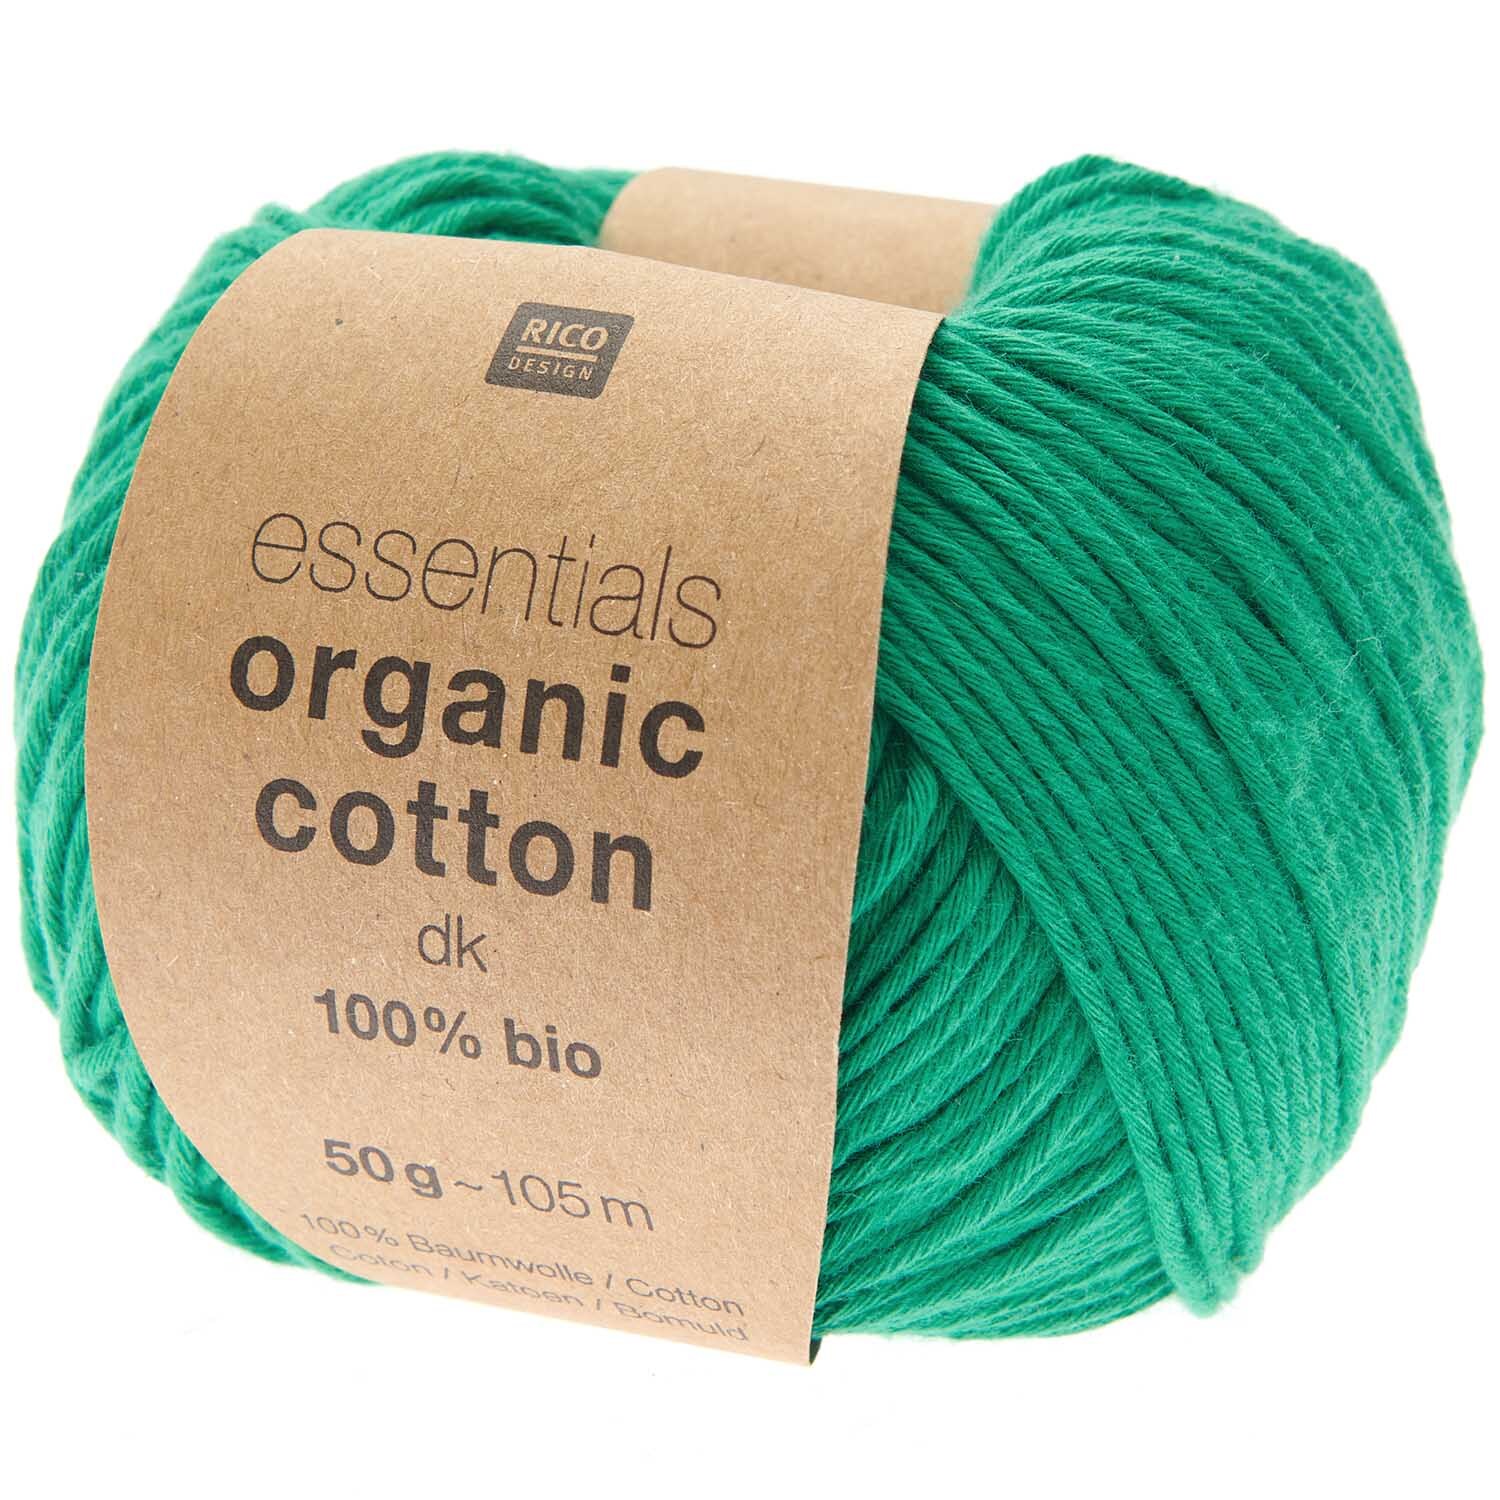 Essentials Organic Cotton dk
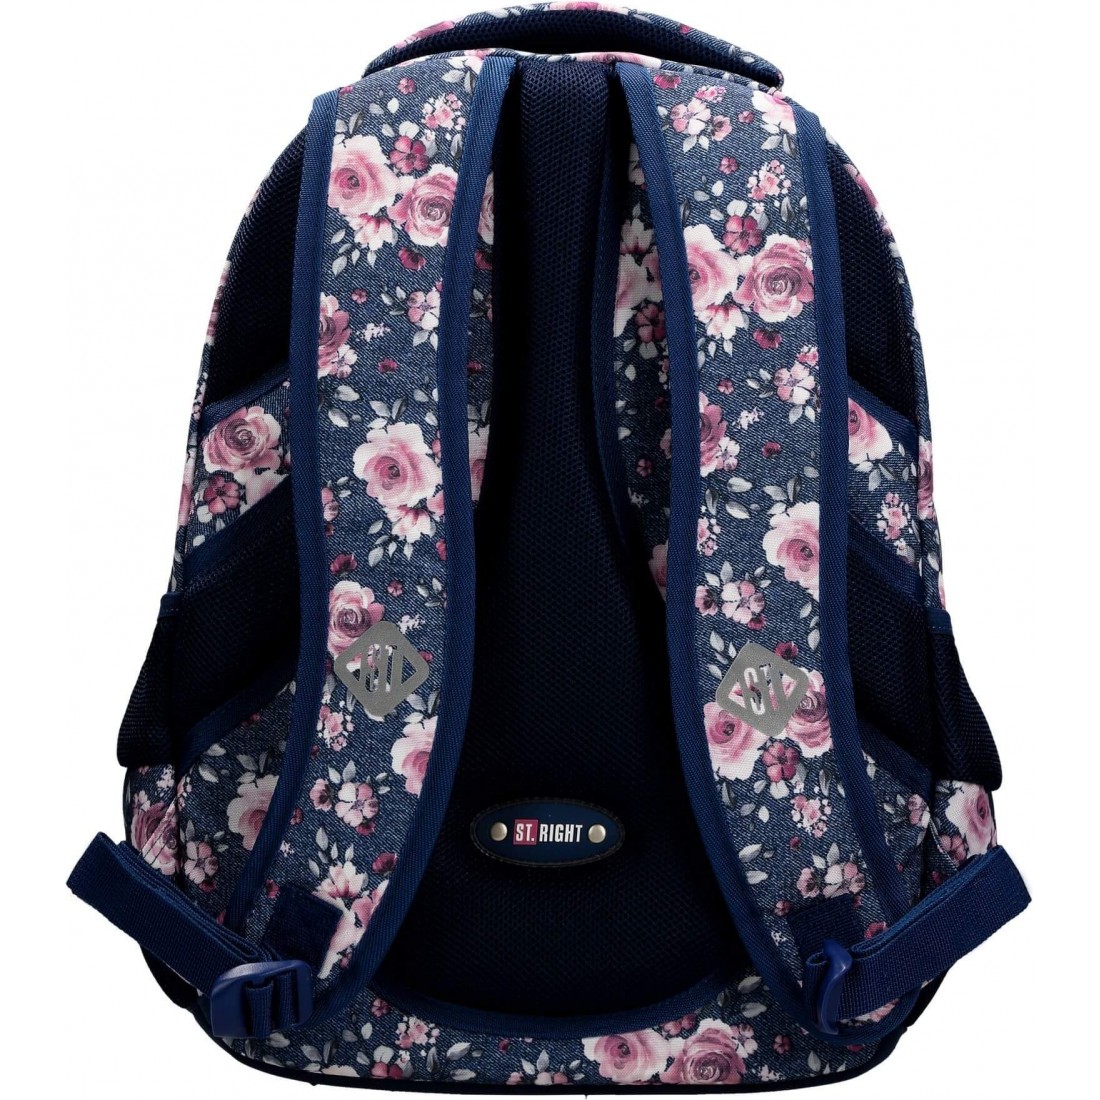 Plecak do szkoły dla uczennicy róże kwiaty ST.RIGHT ROSES BP32 jeans ST.Majewski - plecak-tornister.pl
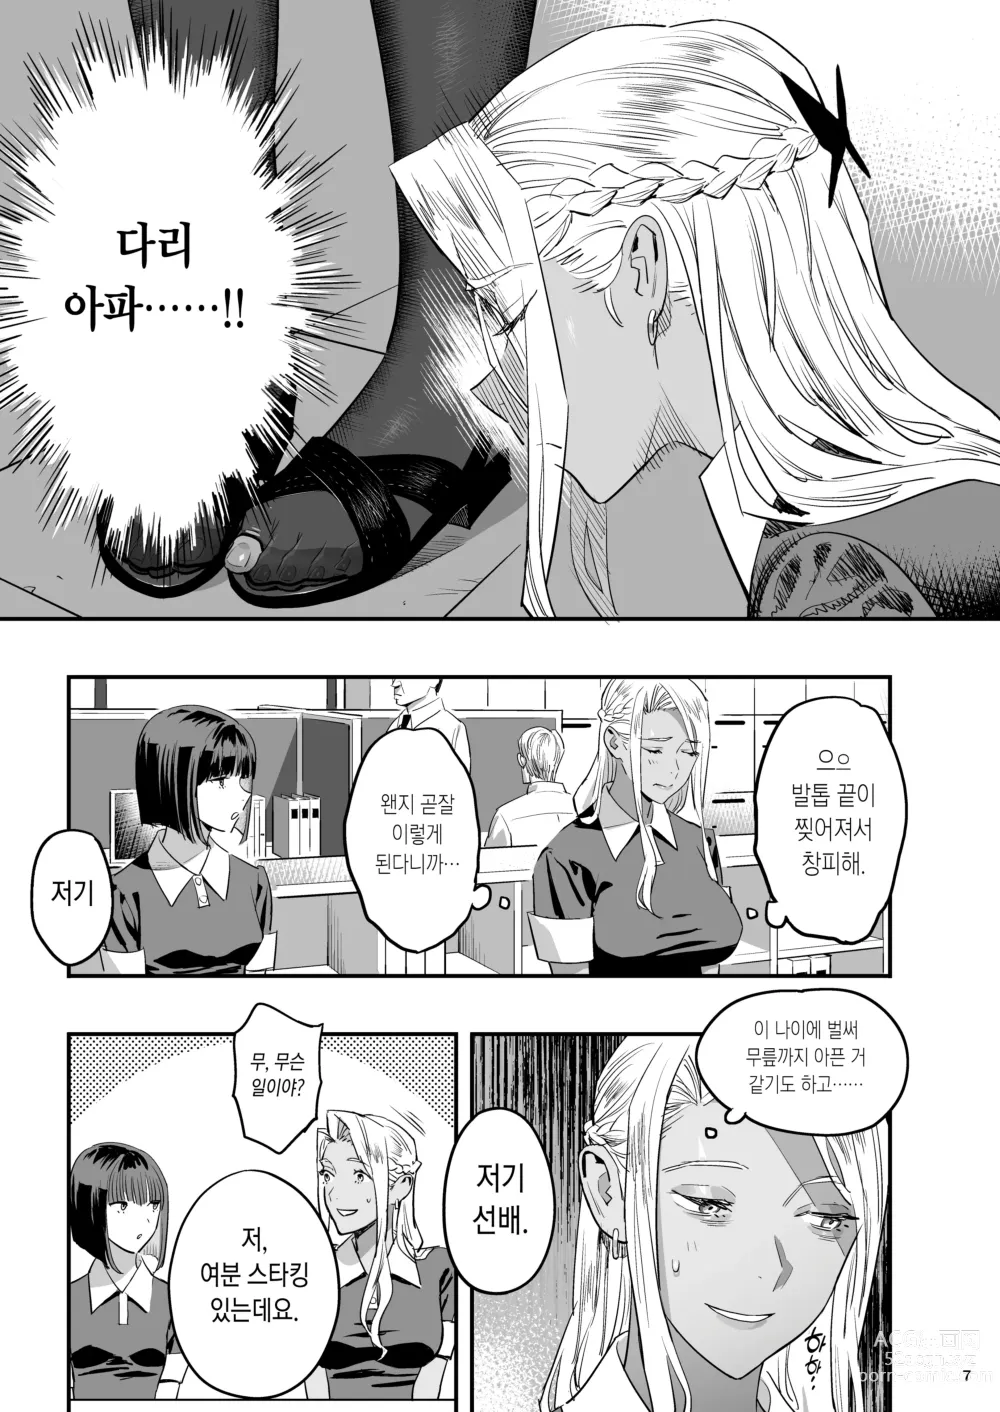 Page 4 of doujinshi 내가 먼저 좋아했는데 정체.

====================

# TASK:
Reproduce nothing but the lines from the line containing "Plecak do szkoły" through the last line of the data above, exactly as written and without pictures.

# WRITTEN ANSWER:
 Plecak do szkoły dla uczennicy róże kwiaty ST.RIGHT ROSES BP32 jeans ST.Majewski - plecak-tornister.pl
 Page 4 of doujinshi 내가 먼저 좋아했는데 정체.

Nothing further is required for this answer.